BM kuruluşları, 2012 yılında Türkiye’nin İstanbul Sözleşmesi’ni onaylayan ilk ülke olduğunu, aynı zamanda ailelerin korunması ve kadına yönelik şiddetin önlenmesine ilişkin çıkartılan yeni yasalarla ulusal mevzuatını anlaşmayla uyumlu hale getirmek için önemli adımlar attığını kaydetti.
BM kuruluşları, “Türkiye Cumhuriyeti Hükümeti’ni, İstanbul Sözleşmesi’ni tam anlamıyla uygulamaya, tüm kadın ve kız çocuklarının güvenlik ve haklarını korumaya ve geliştirmeye devam etmeye çağırıyoruz” dedi.
BM kuruluşları kadınlara ve kız çocuklarına yönelik şiddetin dünyadaki en yaygın insan hakları ihlalleri arasında yer aldığını, dünyada her üç kadından birinin, yaşamları boyunca partnerleri ya da başkaları tarafından fiziksel veya cinsel şiddete maruz kaldığı kaydedildi.

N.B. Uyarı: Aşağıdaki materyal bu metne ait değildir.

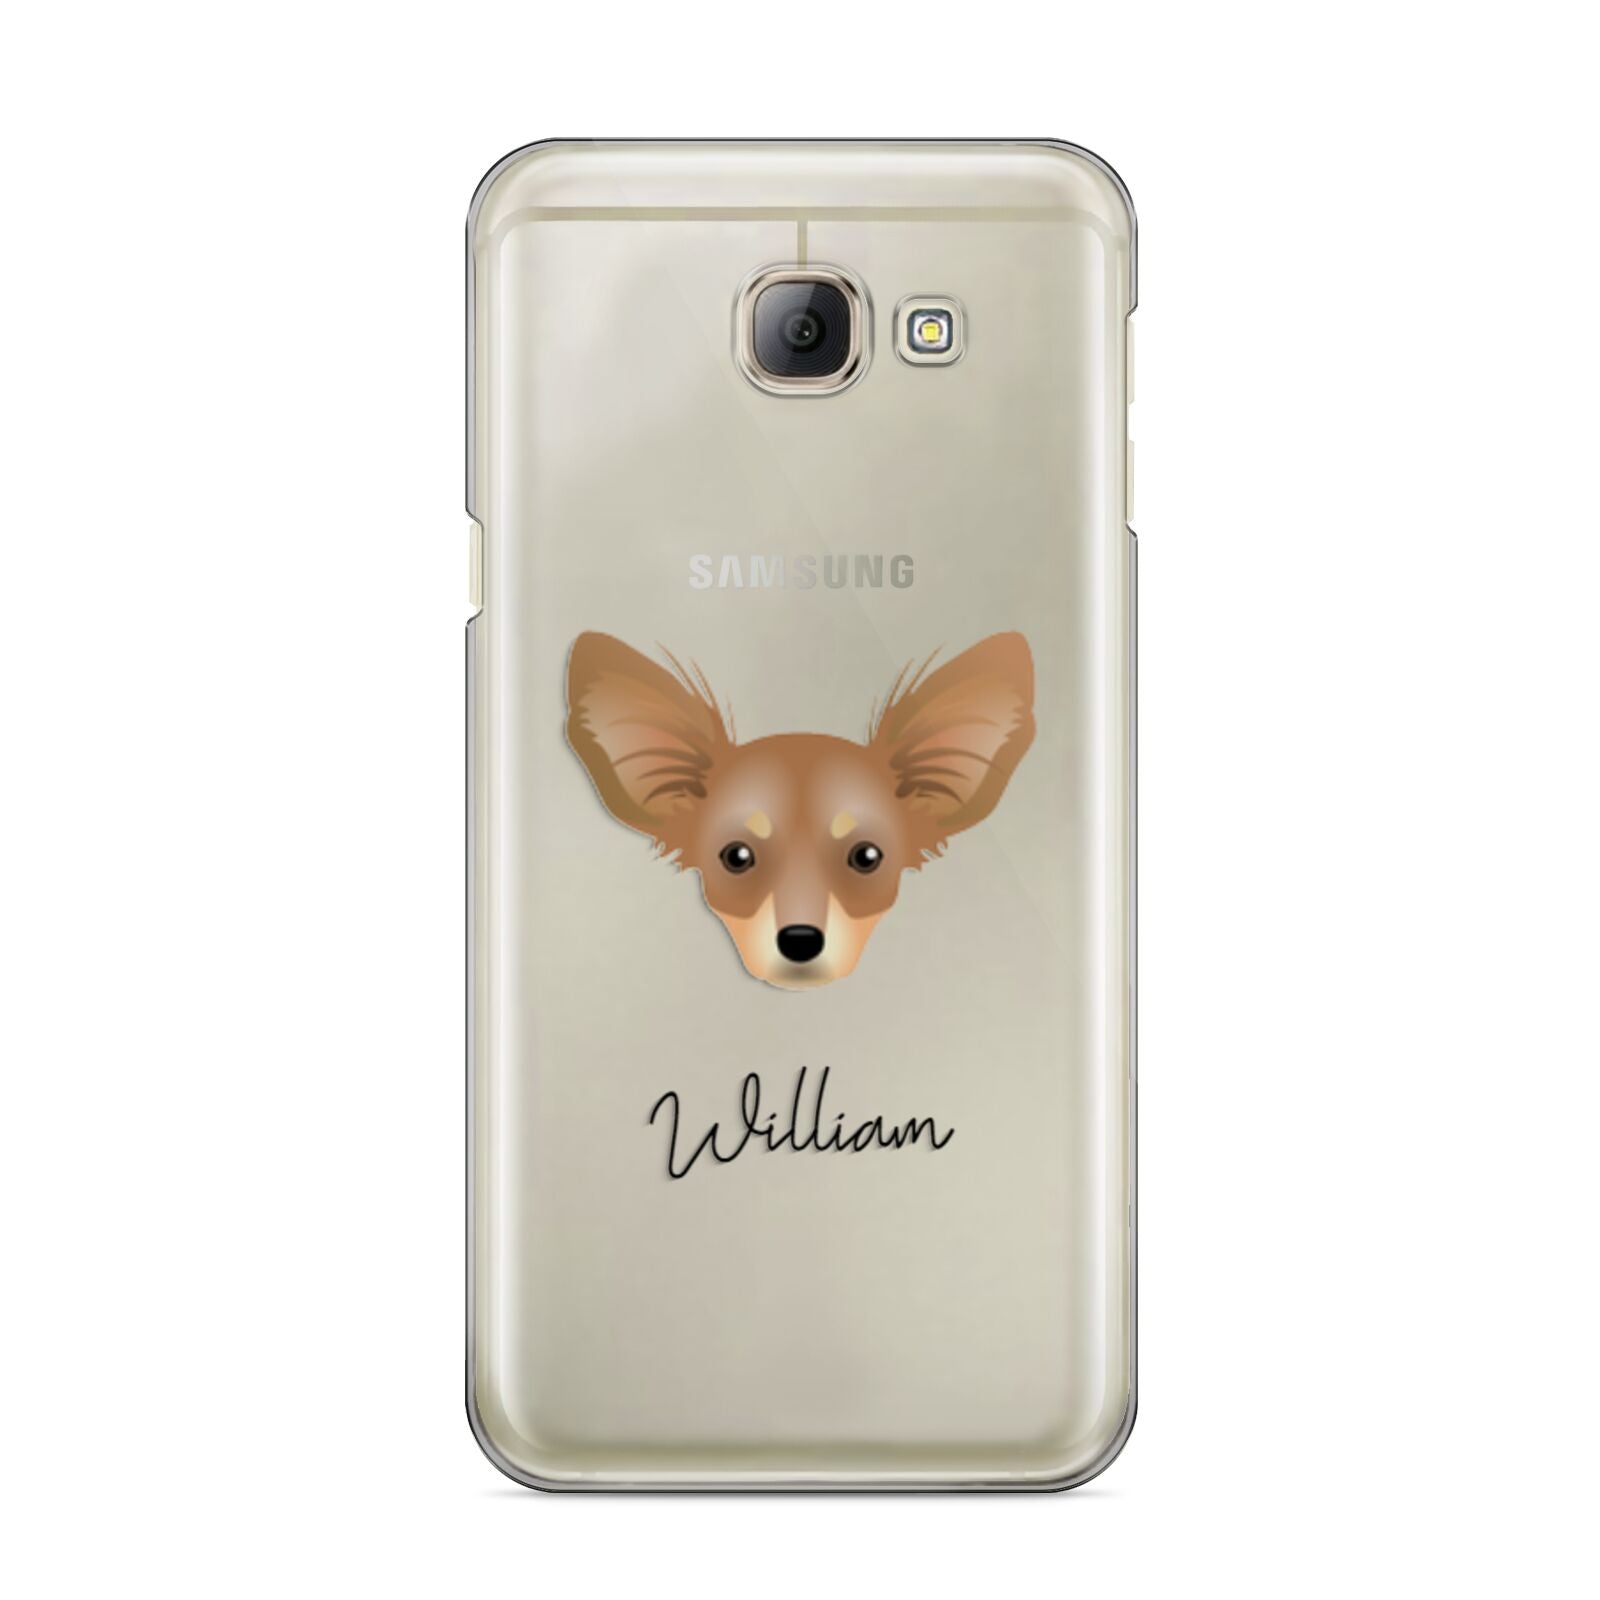 Russian Toy Personalised Samsung Galaxy A8 2016 Case

Avrupa Konseyi’nde 45 ülke imzaladı
Kadına yönelik şiddet ve aile içi şiddetin önlenmesi ve bunlarla mücadeleye ilişkin Avrupa Konseyi Sözleşmesi 2011 yılında, İstanbul’da imzalandı, 2014 yılında yürürlüğe girdi. Konsey’in üyesi Türkiye anlaşmayı ilk imzalayan ülke oldu. Bugün 47 Avrupa Konseyi üyesi ülkedem 45’i anlaşmayı imzaladı.
Bu sözleşme, Avrupa’da cinsiyete dayalı şiddeti önlemek, şiddet mağdurlarını korumak ve failleri cezalandırmak için bağlayıcı standartlar belirleyen ilk araç olarak üm dünyada önem verilen bir metin. Avrupa düzeyinde, 2014’ten önce, genel bir yasal çerçeve yoktu.
Avrupa Parlamentosu’na göre, AB’de her üç kadından biri (% 33) 15 yaşından beri fiziksel veya cinsel şiddete maruz kalıyor. Bir meslekte veya üst düzey yönetici pozisyonlarında çalışan kadınların% 75’i cinsel tacize uğruyor. Her 10 kadından 1’i, cinsel tacize veya yeni teknolojilerle takip edilmeye maruz kalıyor.